The grammar in there was shaky. The logic, Maniakes thought, was excellent. Idly, he said, «I wonder what will happen to all of Sharbaraz's wives now that he isn't King of Kings anymore. For that matter, if I remember rightly, Abivard has a women's quarters of his own, up at Vek Rud domain, somewhere off in the far northwest of Makuran.»
«Yes, he does, doesn't he?» Rhegorios said. «He never talks about his other wives back there, though. He and Roshnani might as well be married the way any two Videssians are.»
«Which is all very well for the two of them, no doubt,» Maniakes said. «But Abivard has spent most of his time the past ten
years and more here in Videssos, and none of it, so far as I know, up in Vek Rud domain.
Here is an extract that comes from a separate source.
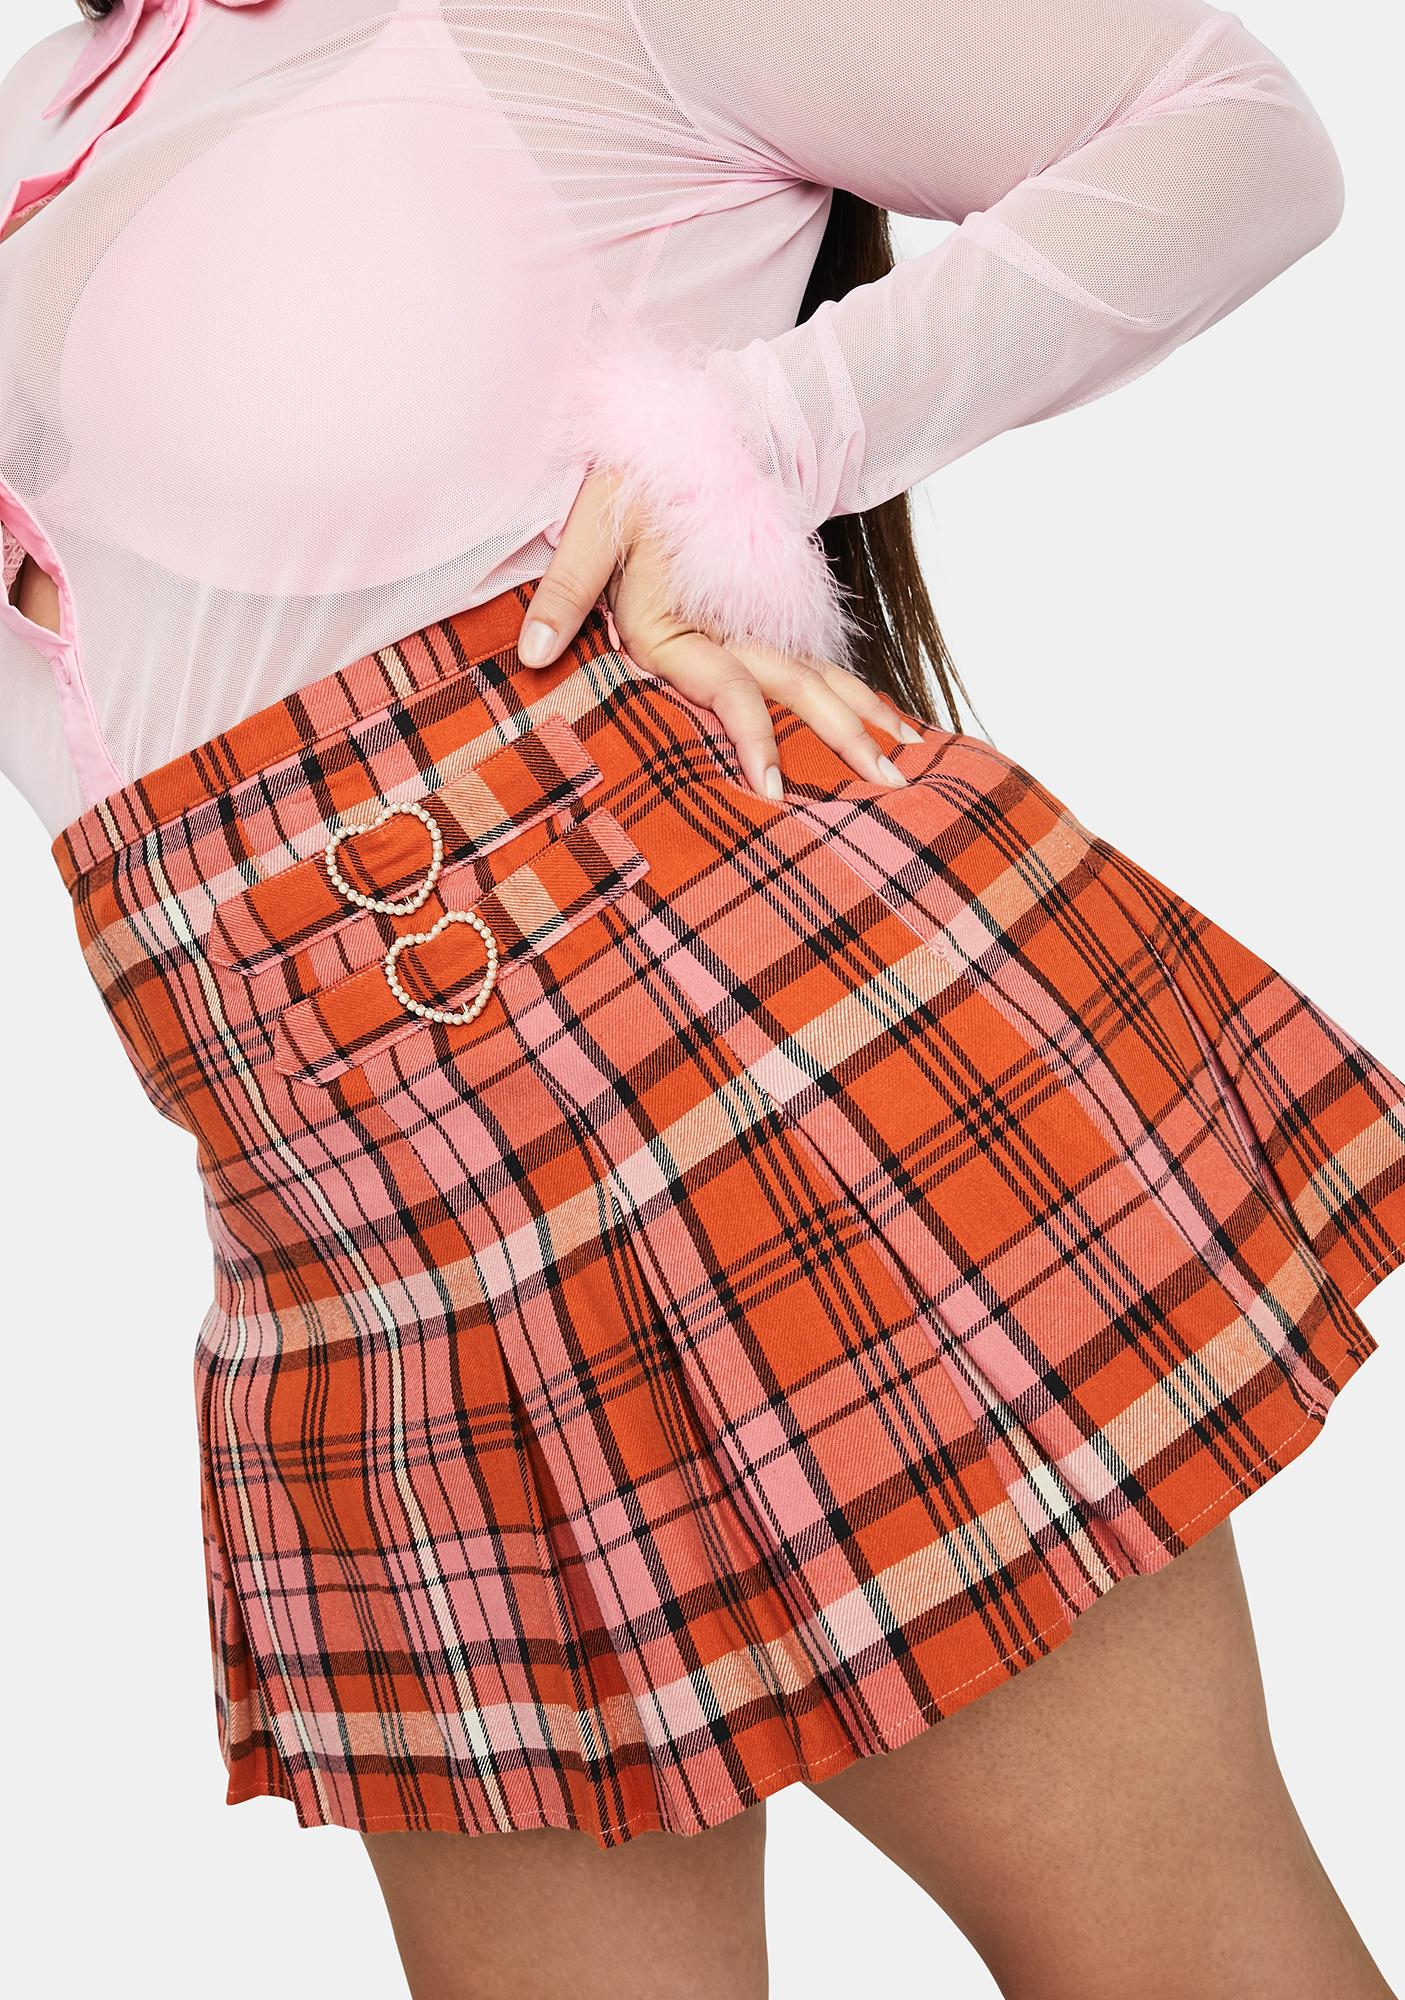 Sugar Thrillz Real Everlasting Love Plaid Skirt

I wonder what the other wives have to say about him, yes, I do.»
«That could be intriguing.» Rhegorios got a faraway look in his eyes. «He's not in Videssos any more. He's not going to come back here, either, not if Phos is kind. Now that he's the new lead horse in Makuran, wouldn't you say he's likely to be going through the plateau country, to make himself known to the dihqans and such up there? Wouldn't you guess he'll probably find his way back to his own domain one day?»
«I wouldn't mind being a fly on the wall when he did.» Maniakes wondered if Bagdasares could make magic stretch that far. After a moment, he realized it didn't matter: he would have no way of knowing exactly when Abivard returned to his old domain. Too bad, he thought. Too bad.
Fat and sweating with nervousness as well as heat, Vetranios prostrated himself before Maniakes. «I pray that you hear me out,» he said to the Avtokrator after he had risen. «It is true, your Majesty, isn't it, that you've been trying to find out what sort of games Broios has been playing with his daughter?»
«Yes, that is true,» Maniakes said, «and what's also true is that I'll land on you like an avalanche if you're lying to score points off your rival. If you know something I should hear, why didn't I hear it two weeks ago?»
«I got back into Serrhes only day before yesterday,» Vetranios answered with some dignity. «I went over to Amorion to see if I could collect on a debt owed me since before the Makuraners took the town.»
«Any luck?» Maniakes asked, genuinely curious.
«Alas, no. The merchant who owed me the payment walked the narrow bridge of the separator during the years of the Makuraner occupation, and is now settling up accounts with either Phos or Skotos.» Vetranios sounded sad, not so much because his debtor had died but because he'd died without paying him back. As if to prove that, the merchant went on, «I was unable to locate any of his heirs or assigns, either. Most distressing, and a most slipshod way of doing business, too.»